Cruising with two mini seadogs
With the initial excitement over, any worries I’d had about my daughters, Holly and Dani, getting bored quickly evaporated. It became clear we had two mini seadogs on our hands, who revelled in the novelty of being on a ‘big boat.’ Over the next few days they spent their time splashing around in the two family pools, catching films on the ‘Movies under the Stars’ giant outdoor cinema screen, and joining in the children’s activities.

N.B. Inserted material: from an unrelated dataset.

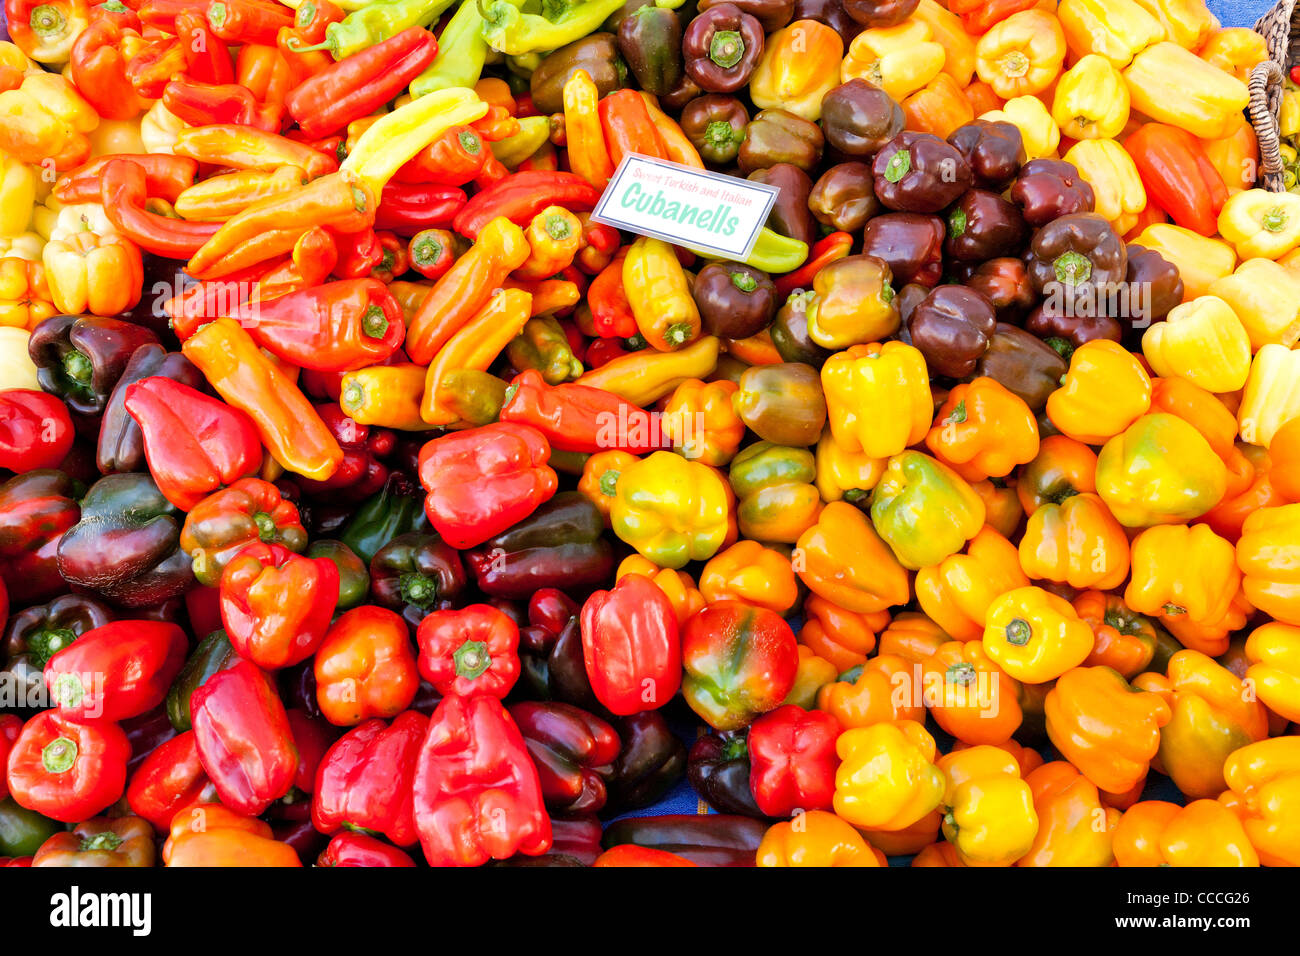 Turque et italienne bio poivrons Cubanelle at farmers market - San Francisco, California USA Banque D'Images

There were three children’s clubs, and the girls couldn’t wait to join Shockwaves, which catered for eight to 12 year olds with a lively mix of ice-cream parties, talent shows and scavenger hunts. While we mainly stayed and played as a family, the chance to escape from each other on occasion was a welcome novelty. In search of a quiet moment one morning, I couldn’t resist sampling The Sanctuary VIP deck area, with plush chaise longue sunbeds, pre-loaded MP3 players and butler service. Like most good things in life, it isn’t free, but the $10 half-day charge was a small price to pay for this oasis of calm.
It’s worth noting that Princess charges an optional daily hotel and dining charge of $10.50 per person (including
for kids), but – a nice touch this – you can ask for it to be taken off your bill if you wish to tip independently.
Most evenings we ate together in the main restaurants. We’d opted for the anytime dining plan, so we could dine whenever we chose. Parents with younger children often opted for the more casual Horizon Court buffet, whichwas more flexible but still served a good range of dishes.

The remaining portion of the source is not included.